Hometown News For Orange County, Texas

Tax Options

Oliver Swift, author of Gulliver’s Travels, once said the only tax that people like is a tax on someone else. It seems that for many years Texas politicians have been searching for that type of tax, all to no avail. There are so many types of taxes that will furnish adequate funding for Texas government but it seems our Legislature and leadership are about to paint themselves into a corner. Our taxes to support public education in Texas are not only unfair but inadequate to provide a high-quality level of public education for future Texas generations. Even so, our leadership and most of Texas voters apparently continue to ignore the possibilities, or advantages, of reconsidering both of statewide property tax or income tax.

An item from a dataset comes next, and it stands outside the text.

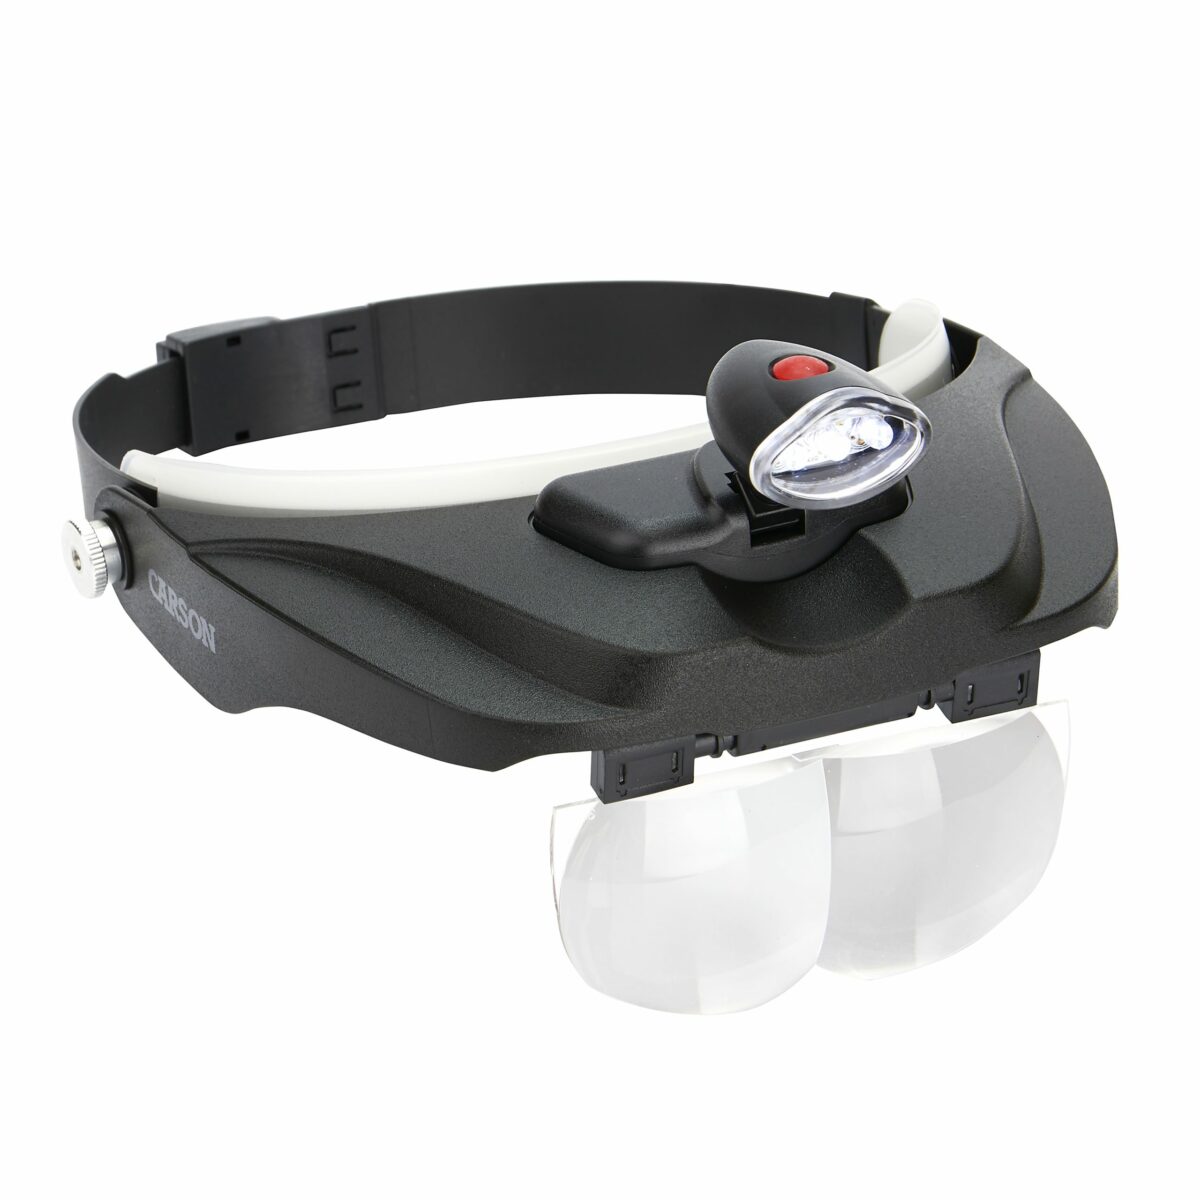 PRO Series MagniVisor™ Deluxe Head-Worn LED Magnifier with 4 Lenses
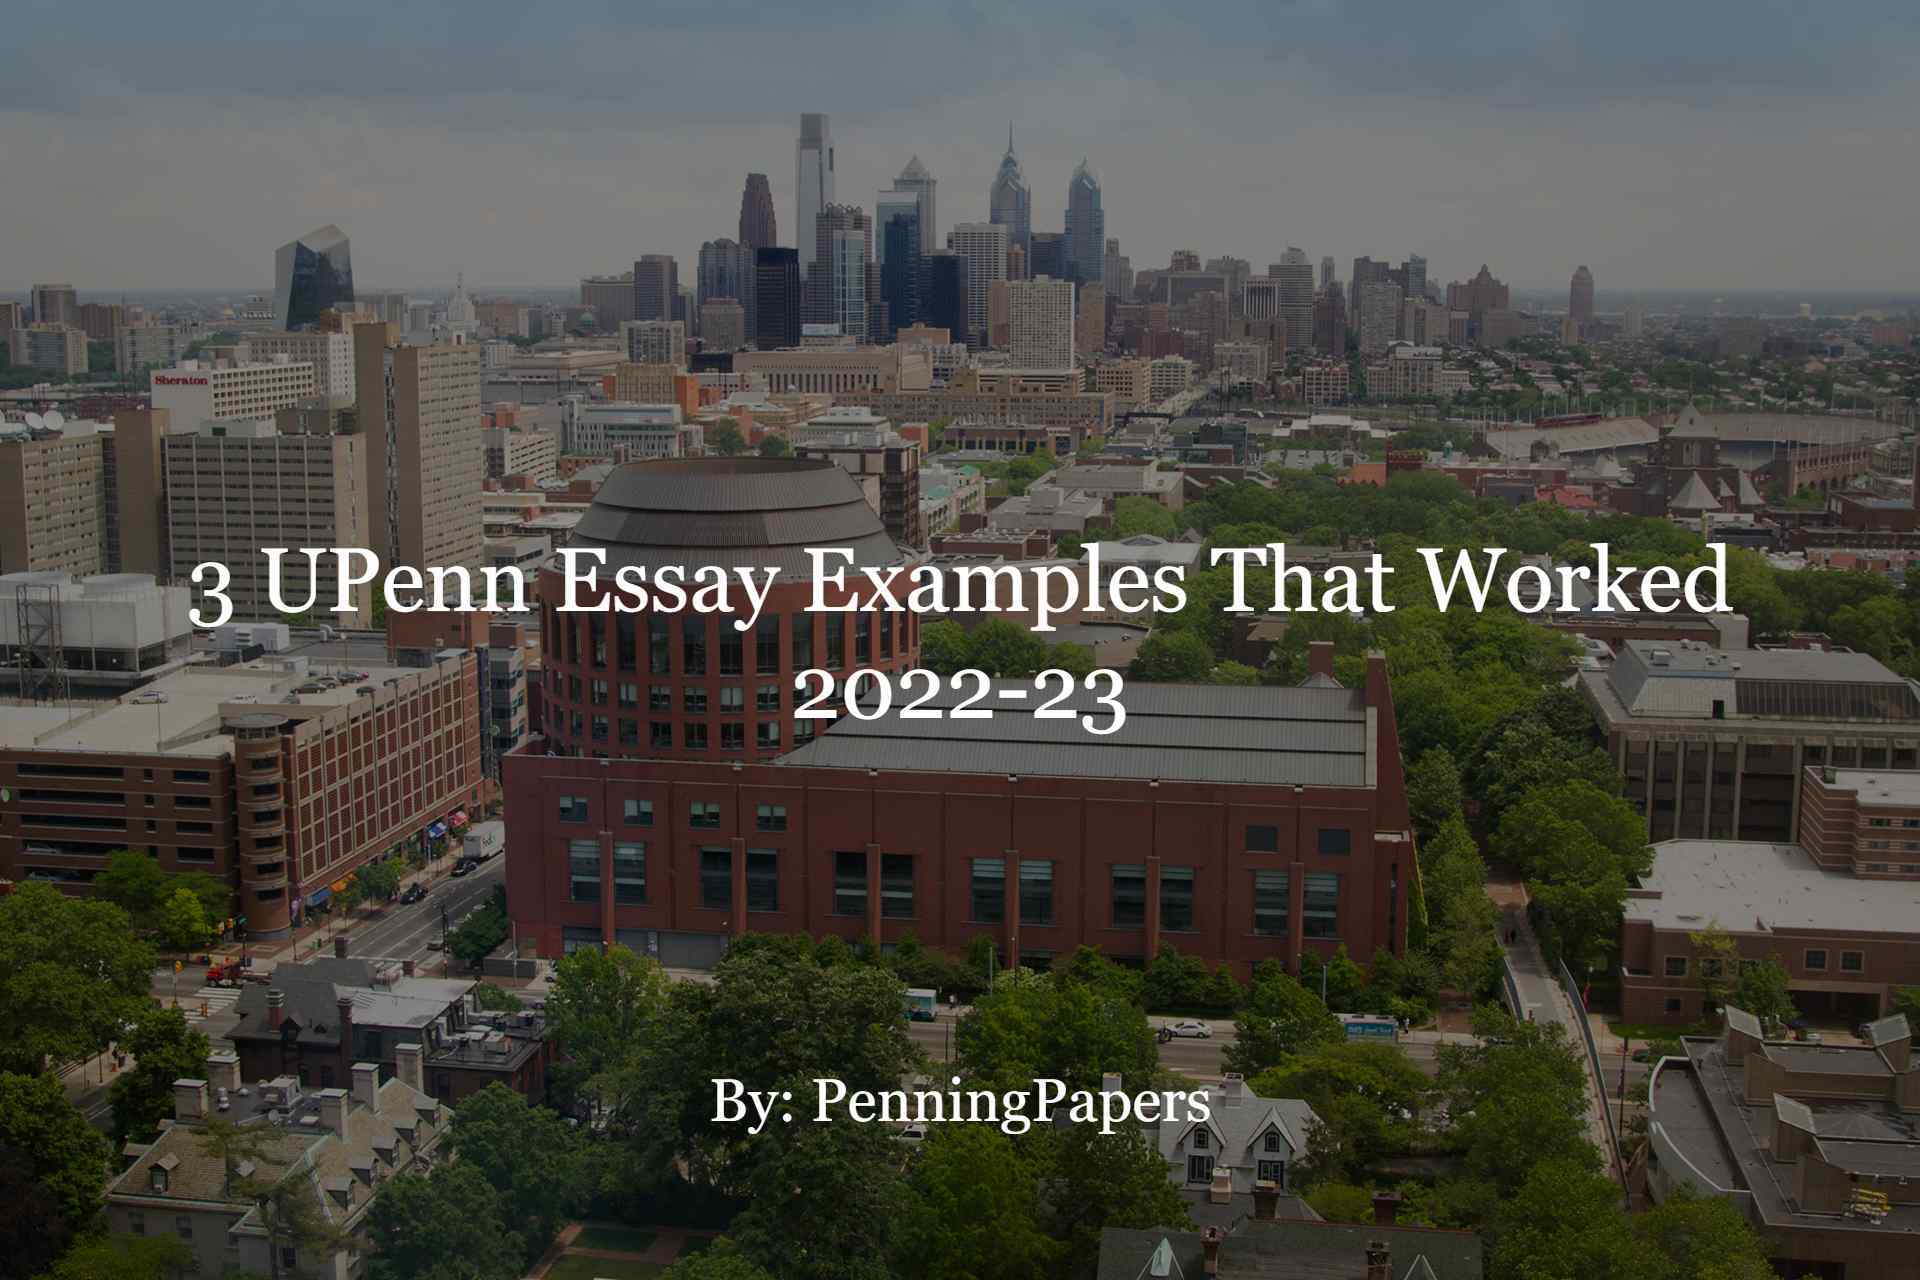 upenn admissions essay questions

Former lieutenant governor and comptroller, Bob Bullock, once advocated a state income tax and pointed out its advantages but quickly retreated, purely for political reasons and then led the fight to prohibit a future income tax by a constitutional amendment. Since the series of lawsuits in Texas Supreme Court as well as the U.S. Supreme Court, Texas has wrestled with the problem of adequately funding public education in an equitable manner. The current system is grossly out of whack with little hope that it will get better any time in the near future. The reason the current school tax is so unfair is that it is based, primarily on property taxes, district by district. Some districts are able to raise far more money than they need with a minimum tax effort while others charge the maximum the law allows and still have to struggle to keep pace with their needs.

Recently a former Republican Party chair announced that he wanted to abolish property tax. Wonder how he plans to support public education. Once again we see that it’s so easy to promise but not so easy to govern.